Schaltungsaufbau nach dieser beschreibung durchgefüht und getestet.... 
Funktion: Einwandfrei!


----------



## blubber (23. November 2003)

Meine Ausführung war keine Theorie. Ich könnte dir jetzt auch genügend Bücher an den Kopf knallen die sich mit Basiswissen beschäftigen, könnte nicht schaden. Fakt ist, dass du einen TTL Ausgang nicht mit so viel Strom belasten kannst, dass es für eine LED reicht. Davon mal abgesehen ist es ebenfalls absoluter Quatsch, dass eine LED bei 1,8 bis 2,3 Volt zerstört wird. Ich weis nicht, ob du das auch aus dem tollen Buch hast, aber eine Standard LED hat eine Betriebsspannung von rund 2 Volt.

bye


----------



## chibisuke (23. November 2003)

Nun danke mit ücher rund um die grundlagen von Digitaltechnik bin ich versorgt, lern das seit über 2 jahren in der schule, und ich glaube das reicht schon aus...

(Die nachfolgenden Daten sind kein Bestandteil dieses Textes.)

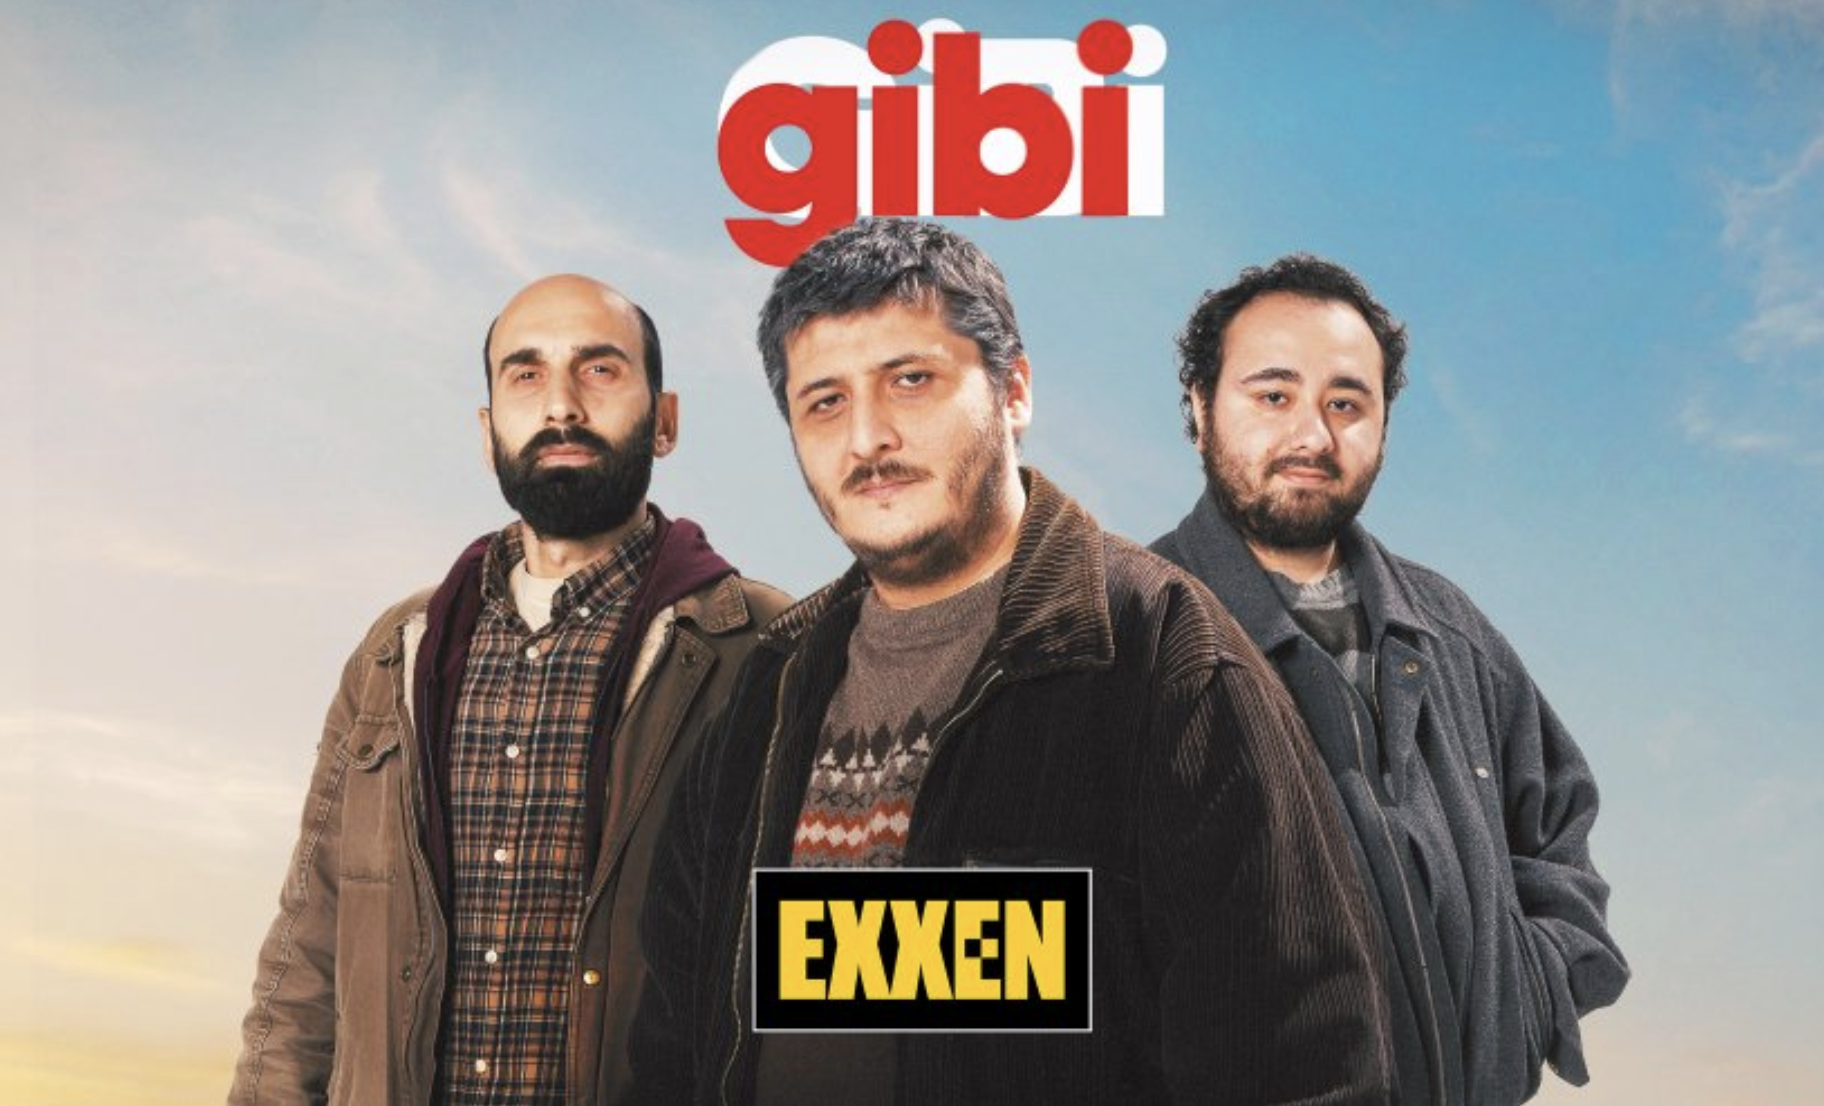 Gibi (Exxen)

aber eine LED im schnitt braucht je nach modell 15mA oder sogar noch darunter... es gibt welche die schon ab 5mA funktionieren...
TTL schaft das, und das hab ich irgendwann in meinem ersten jahr digitaltechnik ausprobiert, (schulaufgaben)... Fakt ist, das die LEDs sehr schön leuchten...
ich weiß zwar den wert für den strom nicht mehr auswendig, aber ich glaub irgendwas von 30mA in erinnerung zu haben...nur da bin ich mir net ganz sicher...

und was die durchbruchspannung einer LED betrifft, das differiert von LED zu LED... es gibt auch welche die 3-4V halten können... aber je nach modell beginnt hier der kristalldurchbruch.....und zufällig.. 1.8V ist die niederste spannung bei der wir um labor bei uns eine LED geschossen haben....
Am besten du spaarst dir weitere argumente, ich weiß was ich in der schule gelernt hab und immer noch lerne, und all das wurde in zahlreichen versuchen bei uns im Labor praktisch durchgeführt... also ist entweder deine theorie oder meine praxis falsch... aber die erfahrung zeigt das meist die praxis recht hatt...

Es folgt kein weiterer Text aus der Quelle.